Given the catchy name of GH-LED10WBW, it’s presented as a saltwater lantern, but a magnesium/carbon lantern is more accurate and the design is simple compared to other saltwater batteries. The 680-gram (23.98-oz) lantern uses 16 grams (0.56 oz) of salt dissolved with 350 cc (11.83 oz) of water in a proprietary measuring bag and then poured into the lantern. The salt acts like an electrolyte in a simple wet battery, that uses a magnesium rod as an anode and a carbon rod as a cathode. The magnesium rod is replaceable because it is slowly destroyed by electrolysis as the magnesium ions travel to the carbon rod, generating electricity.

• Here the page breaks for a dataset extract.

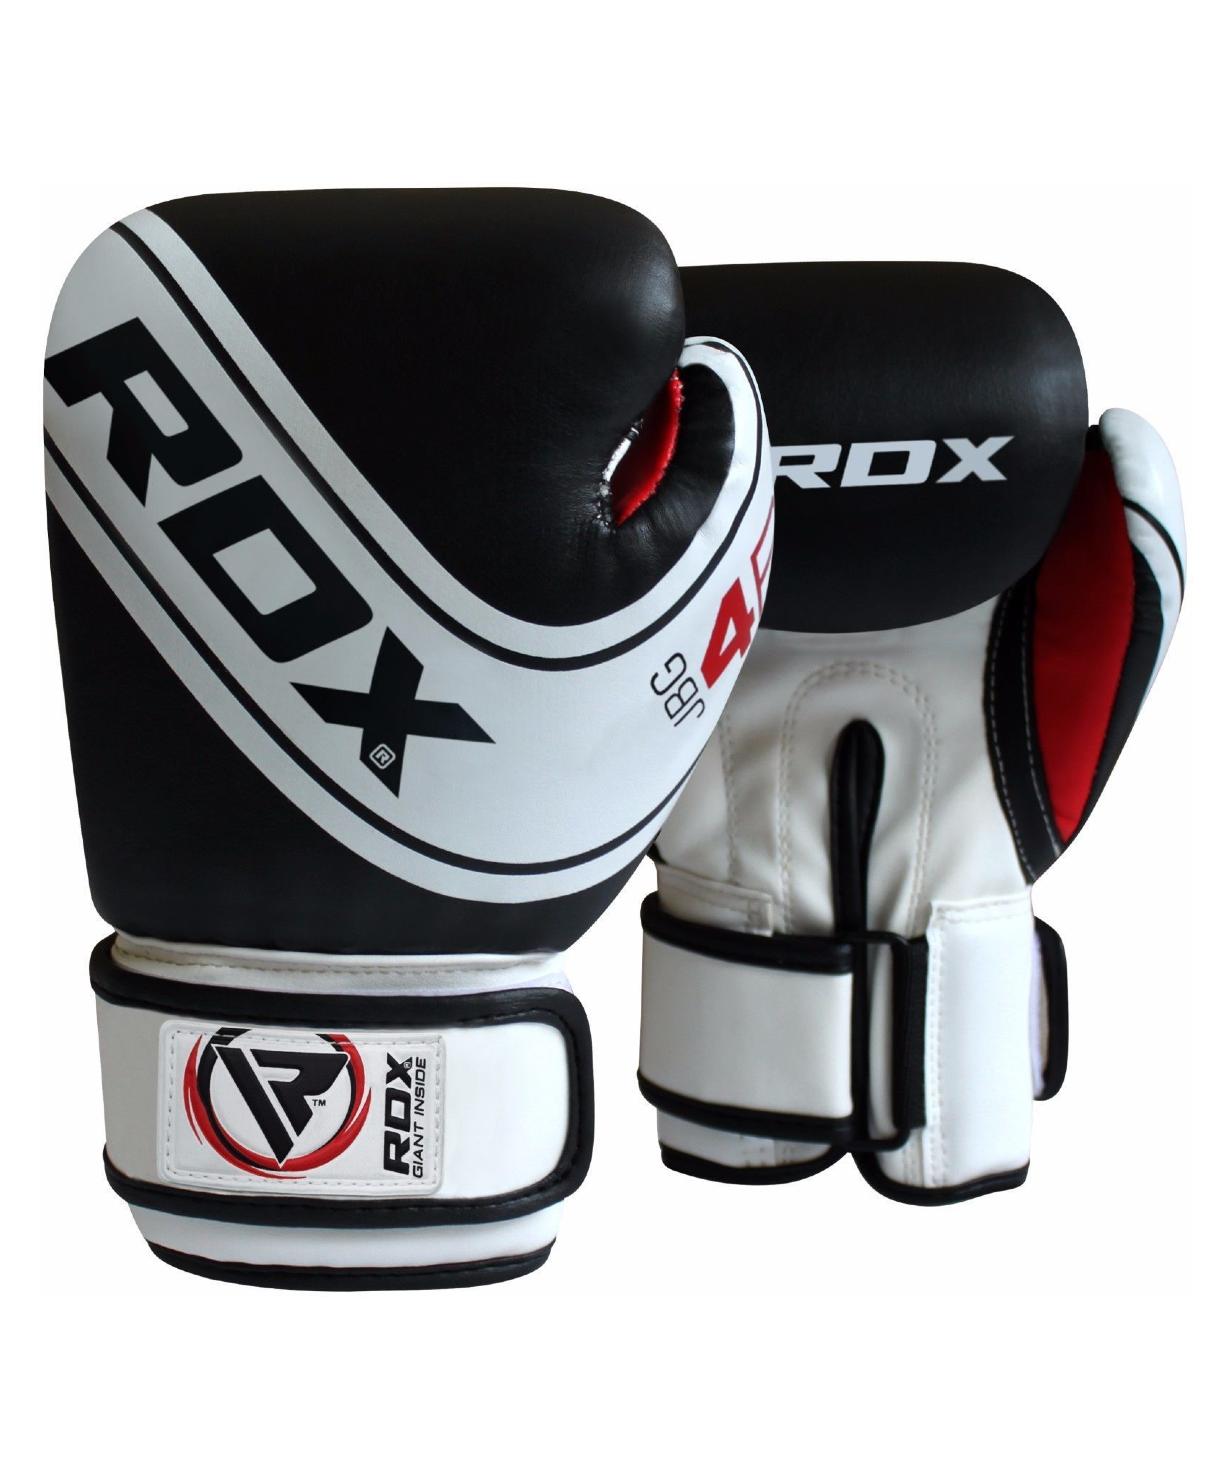 Перчатки Перчатки боксерские детские RDX fde4cabe3fb866a52226c6fc382abcea.png

The 1.5 volts of DC power produced by the lantern is enough to run its ten-LED white light, which puts out 55 lumens of light. The lantern also includes a USB port to charge devices at 4.5 volts. The GH-LED10WBW runs for eight hours before the saltwater needs replacing, and the magnesium rod lasts 120 hours.

Marketed as an emergency lantern or for use aboard boats, it’s scheduled to go on sale in mid-September. No price has been announced.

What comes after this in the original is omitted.